Начало на фоне репрессий
- Вам удалось избежать репрессий, которые обрушились на сотрудников внешней разведки. Как другие чекисты реагировали на аресты своих товарищей? Как Вы себя чувствовали в данной ситуации?
- Если говорить о пике репрессий в разведке (это 38-39 годы), то он совпал с приходом нас, молодых работников, абсолютно ничего не представляющих в этой работе. Нам пришлось занять место тех, кто ушел или кого ушли. В разведке, имевшей штат около 100 человек, более 80 человек «ушли». И первый раз я столкнулся с репрессиями в обобщенном виде, когда 3 месяца учился в высшей школе в 1938 году. Сегодня нам читал лекцию один человек и обещал рассказать что-то интересное, а завтра не было не только этого интересного, но и самого человека. А нам, в ответ на недоумение, говорили: забудьте, это враг народа. И мы только удивлялись, как в такой организации могли оказаться враги на таком важном участке работы.

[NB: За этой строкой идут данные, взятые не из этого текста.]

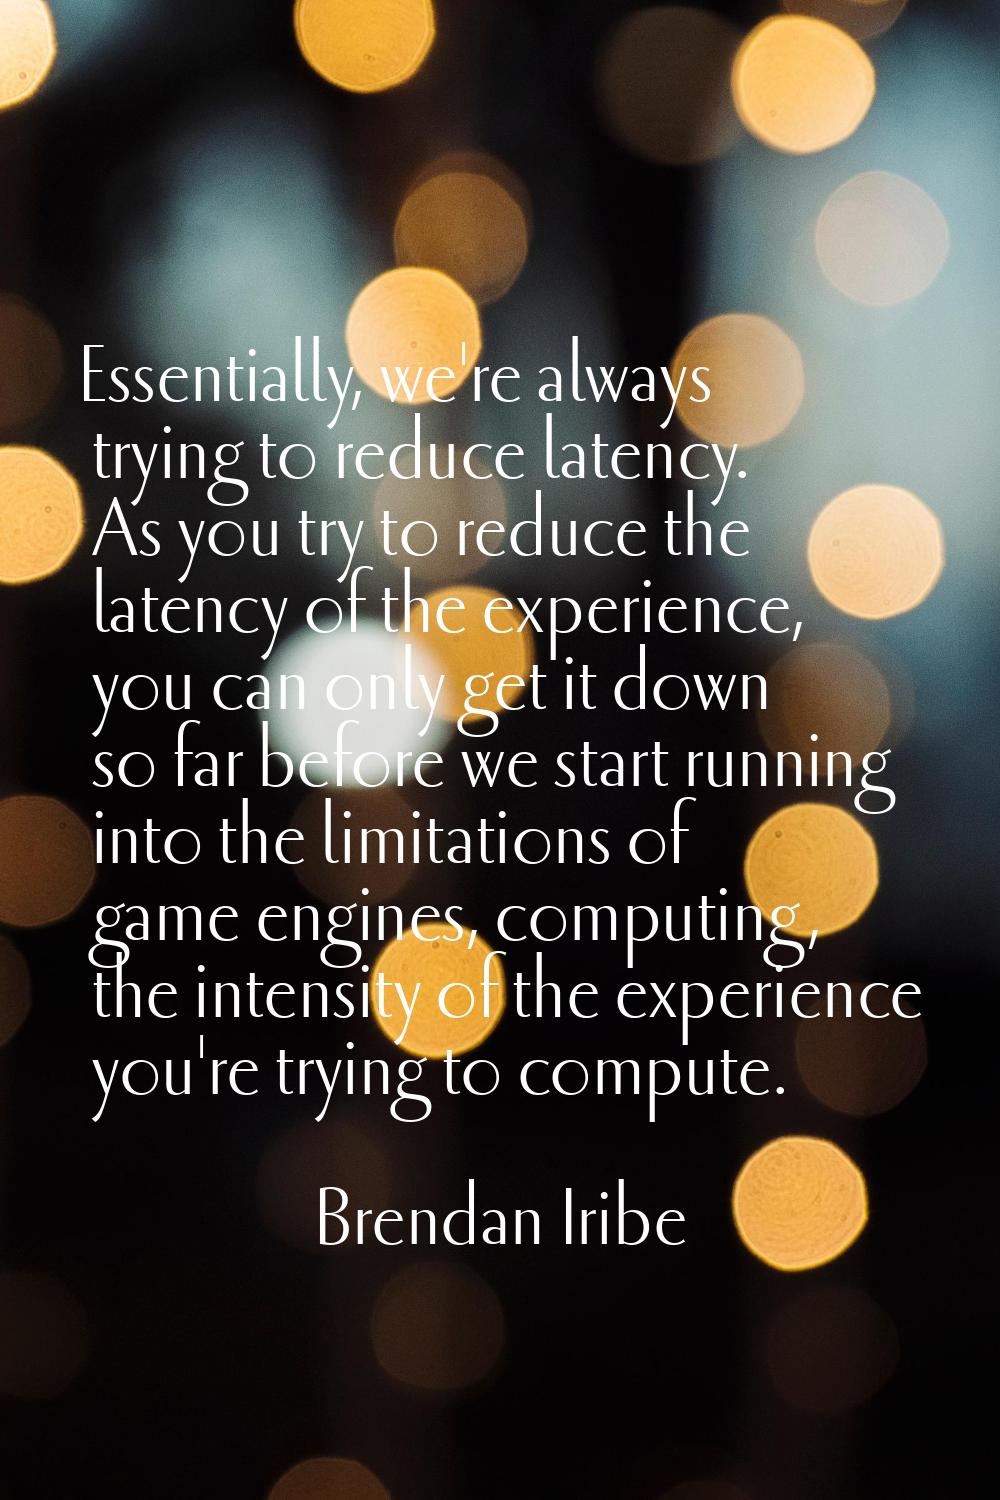 Essentially, we're always trying to reduce latency. As you try to reduce the latency of the experie

Во время моей трехмесячной подготовки к нелегальной работе уже в ШОНе (Школе особого назначения), повторилась та же история. А когда нам в ноябре объявили, что мы не будем работать по нелегальной линии, а пойдем в штаб легальной разведки, потому что все материалы о нас выдали враги народа на Запад, мы были просто ошарашены. Только начали работать, а уже наши фотографии и данные находятся где-то у иностранных шпионов. И никто нам конечно ничего не объяснял.
Когда я начал работать в 1939 году уже в штабе разведки, мы чувствовали, что ушли опытные люди. Почему ушли, в общем плане нам говорили. Но открытых репрессий - сегодня работал, завтра забрали - уже в тот период не было. А разведчиками нам помогали стать те, кто избежал обвинений: Зарубин, Ахмеров, Коротков, Журавлев.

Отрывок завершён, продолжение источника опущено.